In a few hours, Lauren will be on board the plane for Singapore with 2 guys (both brothers) *gasp* . One of the guys is Lauren’s band manager. I didn’t know she was travelling with 2 guys. The mother of the guys called me up and assured me that Lauren will be in safe hands. That was sweet of her to call me but I trust Lauren knew she would be in good company. At the last minute, the female companion backed out.
She loves the excitement and the adventure of travel. The travel itch started at the age of 10 years old when I “forced” them to join a cultural exchange program (choir tour) in the USA and Canada every summer. Those were my stage mother years where the girls were caught in the hustle and bustle of stage performances. During those travels, I taught the girls every immigration , travel and plane procedures because I knew they’d be travelling almost every year and I wasn’t sure if I’d always accompany them. I didn’t know it then but today, they tell me that their travel experience is something that they will always treasure.
While at Singapore , Lauren will meet up with a few Singaporean bloggers who have been her readers for the past decade. Imagine that!? During the early days of the internet, I was often questioned why I allowed my children to get online.
Questions often asked were:
Am I not afraid of pedophiles? Am I not wary of the pornography ? What if the online friend is really some serial killer?
Relatives and even teachers frowned on the internet in the mid nineties. It seemed like I was a parent from some alien planet.
There were no hard and fast rules. There were also no clear answers at that time but I knew one thing. I am a parent first. I drafted my own Internet safety Guidelines for parents, teachers and children to read in World Kids Network. In the real world, one aspect of responsible parenting is never having to allow children to wander aimlessly and alone into unknown territories . So, too, in the vast cyberspace called the internet. Constant parental supervsion for young kids is all I needed to do. ( By the time they reached college, they gained enough judgement and confidence to tread the internet on their own.)
I also knew that I needed to strike a balance for our respect of the wonders of the internet with the responsibility for accountability, self-discipline, and safety. The best defense was for me to make exploring the online world a family affair. Online friendships were complemented by actual face-to-face interaction. While travelling to the USA, Lauren’s online friends from her defunct Keypals Club wanted to meet up with her. These were easily arranged with the cooperation of their parents. So while the girls and their friends were frolicking at the amusement park, we, the parents exchanged our notes on motherhood or parenting tips.
And are they still friends today?
You bet they are. Amazing.
I created a balance of internet and travel activities because I wanted my kids to have a global perspective. I know not everyone can afford to travel but I didn’t have to pay much in meeting these goals. I looked for exchange programs that sponsored or defrayed travel . The Manila Children’s Choir activities fitted perfectly in honing my kid’s musical talents and at the same time provide them the opportunity to foster friendships locally and internationally.

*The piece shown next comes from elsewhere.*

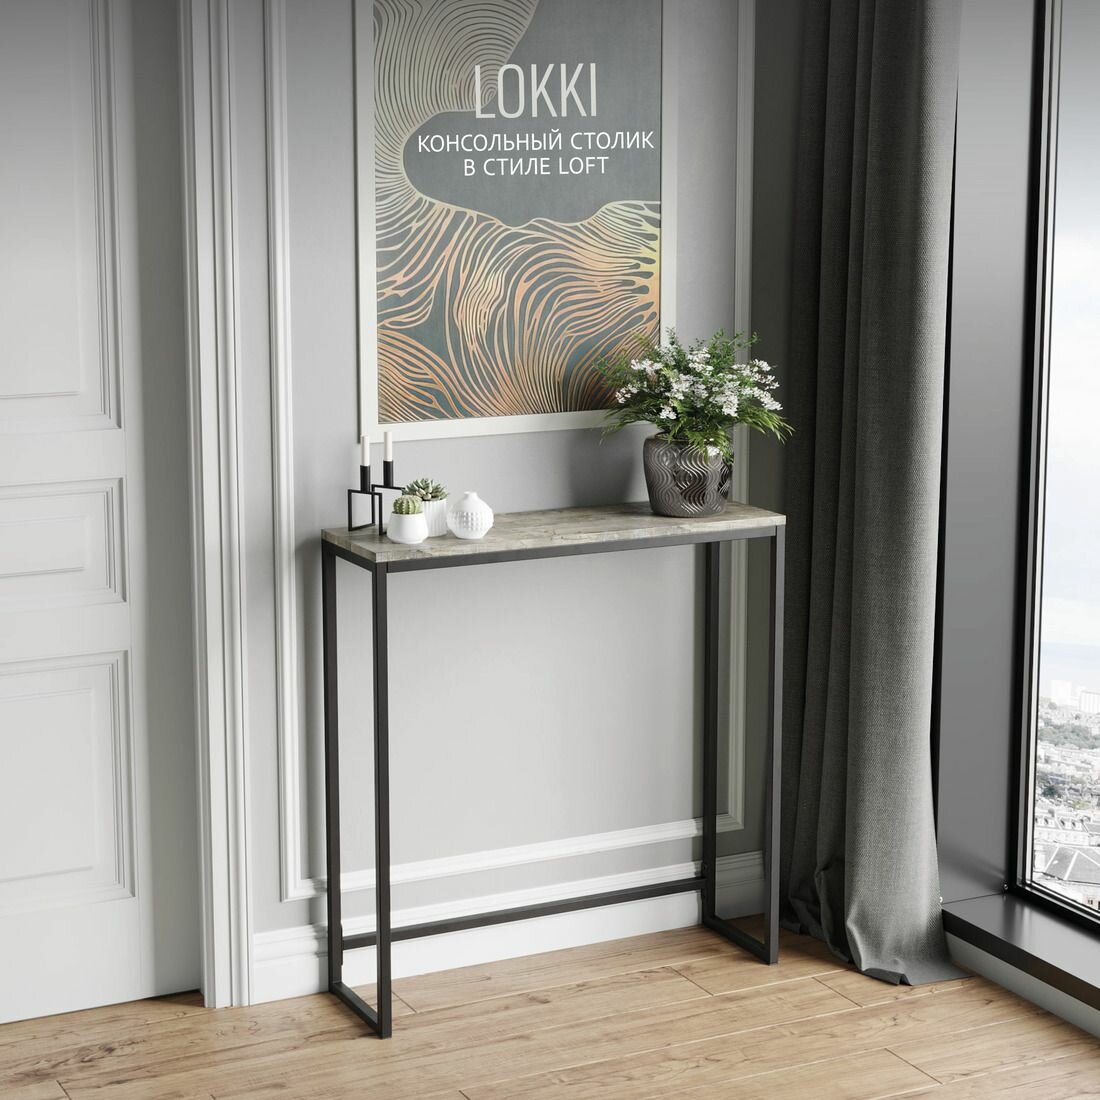 Консольный столик LOKKI loft коричневый приставной туалетный металлический деревянный 85x80x25 см 1 шт Гростат

I often wonder how the internet molded my children’s perspective in life. Did they gain knowledge not found in classrooms? I still affirm that the internet is a tool that gives our kids the advantage of being exposed to global thinking, varied ethnicities, cultures and religion which they might not have learned in the classroom. And so long as parents take on a hands-on role, set time limits and create a balance of healthy activities for their children, our children will do just fine.